A Mattel volta a ser destaque ao ampliar o conceito de diversidade em sua linha de bonecas Barbie. Desta vez, a empresa lançou uma Barbie que representa o Transtorno do Espectro Autista (TEA), desenvolvida em parceria com a ASAN (Autistic Self-Advocacy Network), organização formada por pessoas autistas e dedicada à defesa de seus direitos. O objetivo foi criar um brinquedo que refletisse, de forma respeitosa, experiências reais com as quais muitas pessoas no espectro podem se identificar.

Entre as características da boneca estão articulações nos cotovelos e pulsos, permitindo movimentos repetitivos; o olhar levemente deslocado, que faz referência ao fato de que algumas pessoas autistas evitam contato visual direto; e a presença de um fidget spinner, objeto usado por muitos como recurso de autorregulação sensorial, ajudando a reduzir o estresse e melhorar o foco.

A Barbie também vem acompanhada de um fone de ouvido, utilizado por pessoas autistas para diminuir a sobrecarga sensorial causada por ruídos, além de um tablet de CAA (Comunicação Aumentativa e Alternativa), ferramenta importante para auxiliar na comunicação. As roupas foram pensadas com tecidos “sensíveis” ao toque, que reduzem o desconforto causado pelo contato excessivo com a pele.

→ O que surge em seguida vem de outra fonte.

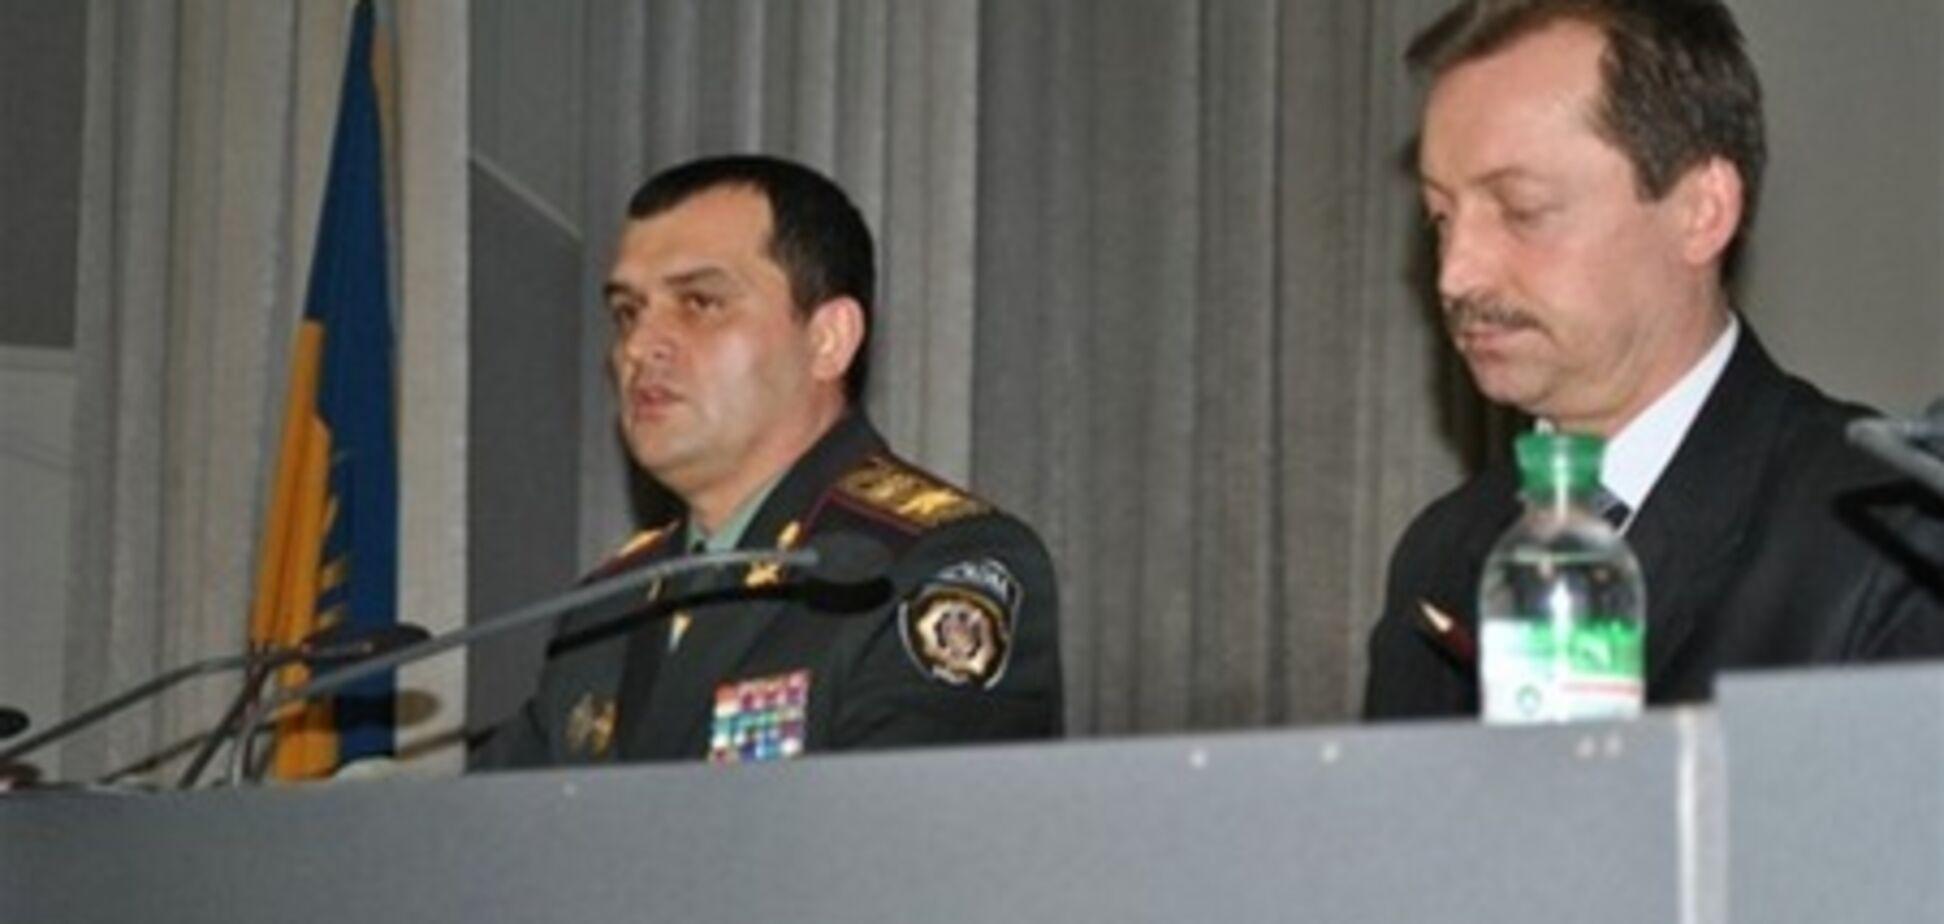 Захарченко: треба змінювати менталітет міліціонера

Especialistas reforçam que, diante da suspeita de traços do espectro autista em crianças ou adultos, é fundamental buscar avaliação profissional. Plataformas digitais e ferramentas de inteligência artificial não substituem o acompanhamento médico e psicológico especializado.

A notícia ganhou destaque nas redes sociais após ser compartilhada pela comunicadora Luh Pires, que descobriu ser autista em dezembro de 2025. Segundo ela, o diagnóstico representou um grande alívio e trouxe maior compreensão sobre si mesma. Atuando na área de marketing e inteligência artificial, Luh tem como principal trunfo — e também hiperfoco — o desenvolvimento de campanhas criativas utilizando IA, além de outros projetos ligados ao marketing e à influência digital.

Reconhecida também como ativista pelos direitos dos animais, Luh Pires concedeu recentemente uma entrevista à Masper TV, no programa Inspire-se. Na ocasião, ela apresentou a vinheta do programa criada inteiramente com inteligência artificial e debateu com a jornalista Andreia de Vargas temas como o filme Caramelo.

Ao comentar o lançamento da Barbie autista, Luh destacou a importância simbólica do brinquedo em um mundo ainda marcado por preconceitos em relação aos transtornos neurológicos. Para ela, a boneca representa não apenas inclusão, mas também visibilidade, respeito e a possibilidade de crianças autistas se reconhecerem positivamente desde cedo.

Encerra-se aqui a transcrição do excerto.